The importance of cross-training workouts
Soney was diagnosed with a herniated disc a few years back. While she has healed from it, her main priority today is to take care of her body over only spending hours dancing. Soney works out for five days a week and prefers to mix her routines. She tries a combination of yoga, HIIT and Pilates. According to Soney, there are more benefits to doing different workouts on different days instead of sticking to just one routine. “You end up working more muscles; minimize the risk of injuries; and each work out powers you differently. While HIIT helps build your endurance, Pilates’ stretching exercises aid in strengthening while yoga adds more flow and makes you flexible,” says Soney.
Bengaluru-based pole dancer and instructor Rebecca Zodingpuii credits her agility on the pole to her years of practicing yoga, calisthenics and aerial silk.
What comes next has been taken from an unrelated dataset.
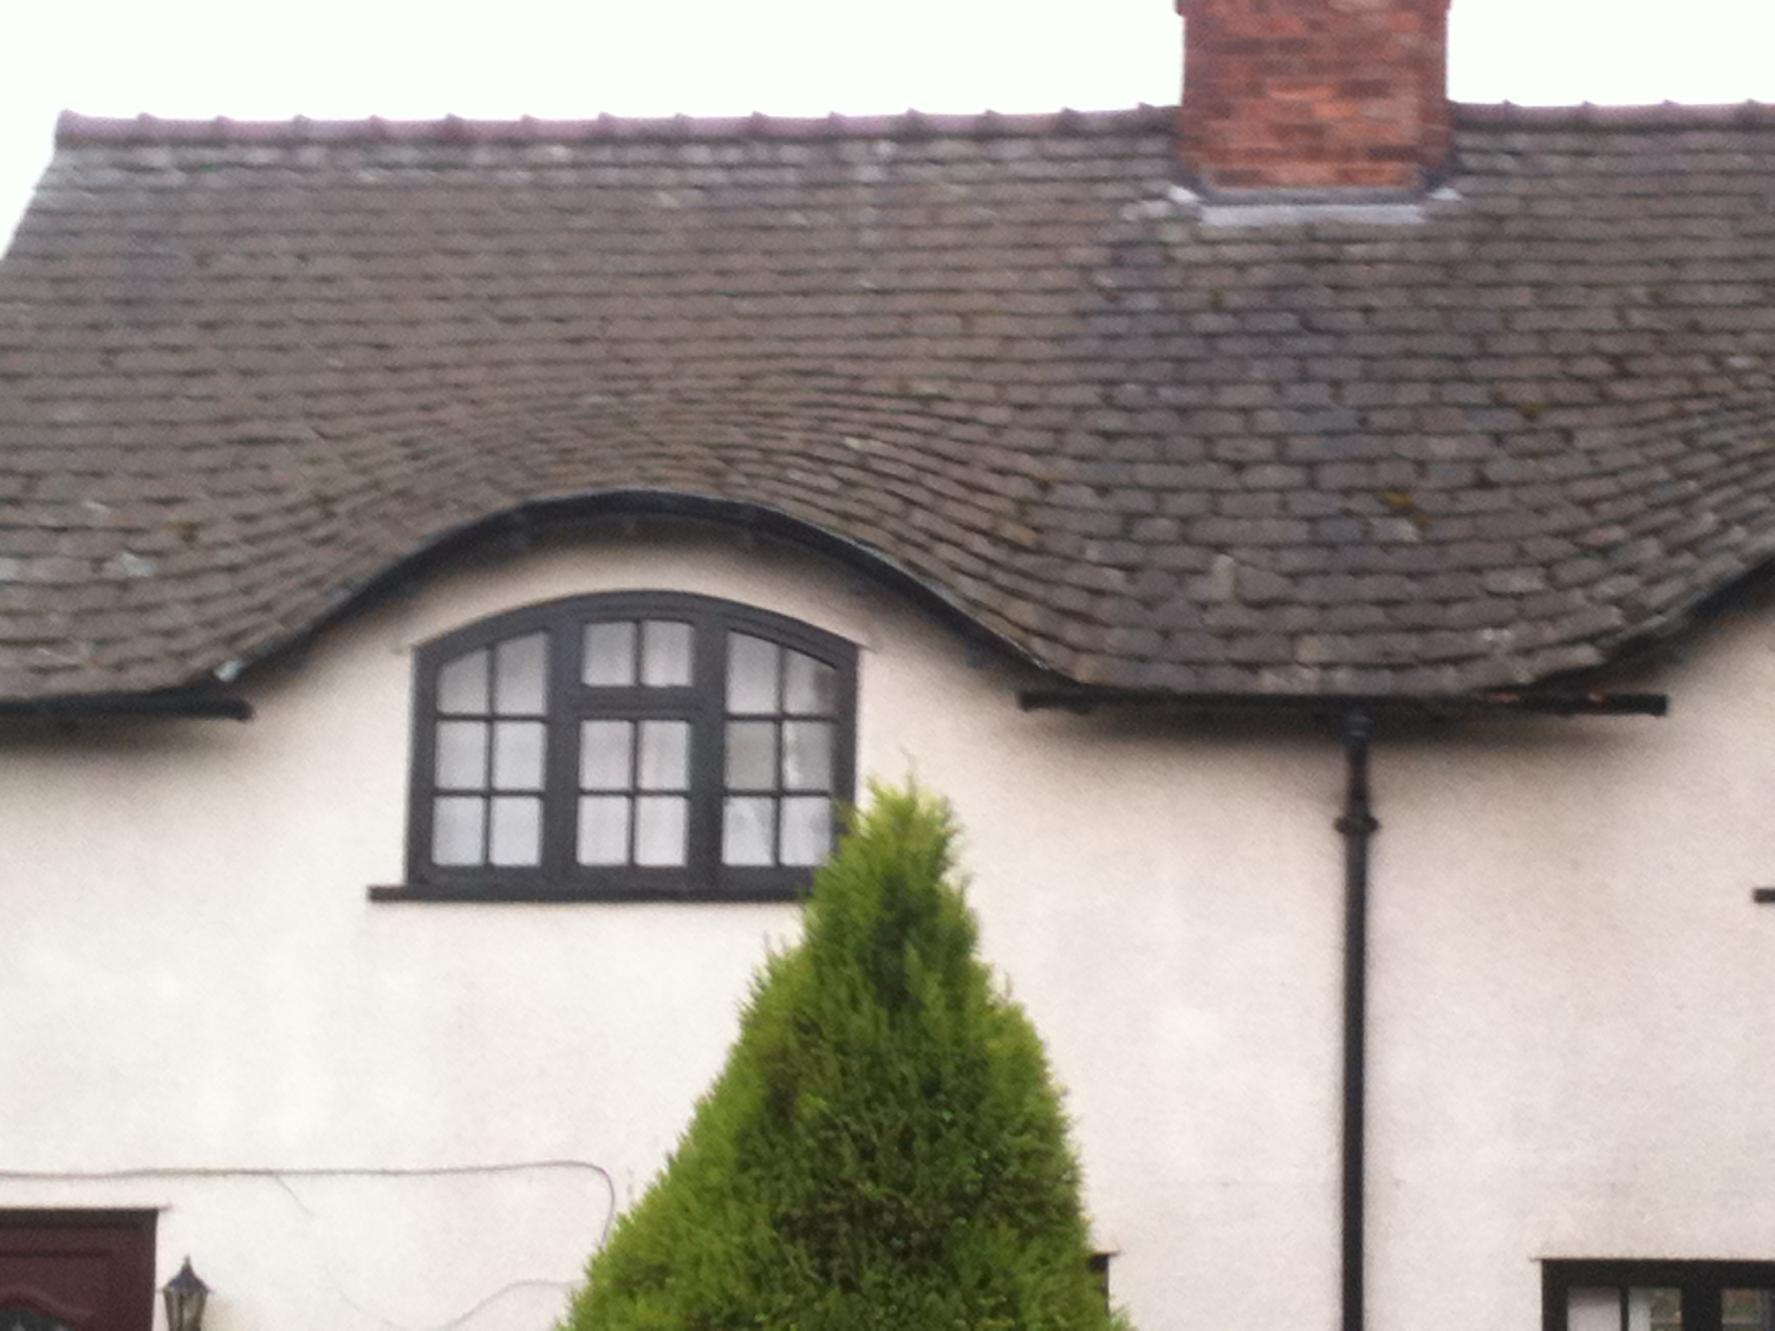 Eyebrow roof!-eyebrow-roof.jpg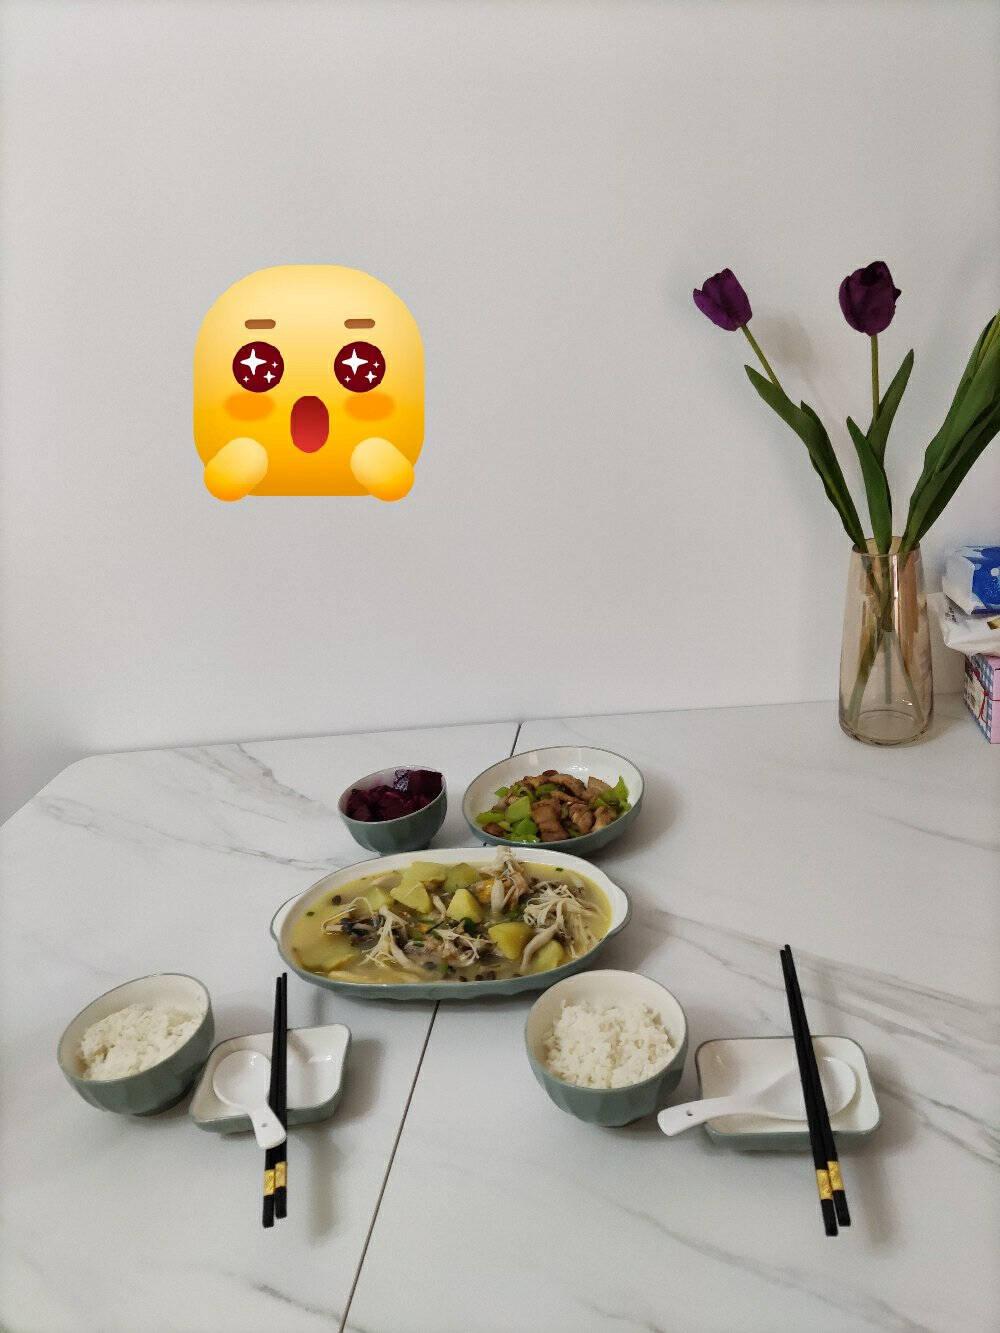 裕行北欧餐具套装抗菌釉33头威尼斯碗碟套装色釉筷子碗盘勺子套装礼盒包装

The 40-year-old’s command on the pole belies her age and that she says has come with hours and hours of practice over the years and enduring injuries. “I am extremely injury-prone,” Zodingpuii laughs adding, “but what I have learnt over years of working out is to take it easy when the body is hurt. You let it rest but once it gets better you get back to your routine.”
Desai like Soney swears by cross training i.e. mixing up routines and does low impact exercises like swimming, yoga and walking. During her recovery, she recalls swimming being immensely helpful. “Swimming is one of the best work outs. It keeps you active but doesn’t put pressure on your bones,” says Desai. On busy days, she chalks up a walk for 20-25 minutes. Stretching exercises for 20-25 minutes are a compulsory routine for her.
Sports massages are good
Zodiingpui says that massages help heal her injuries. She gets a weekly massage done by a physiotherapist. “Massages are important, our bodies need it,” she says. Soney recommends sports massages for athletic people and dancers—a sports massage is extremely painful but essential to loosen tight muscles. She also believes in the potency of the Murivenna Thailam – a medicated ayurvedic oil with analgesic properties that’s used to treat a variety of pains and injury-related conditions.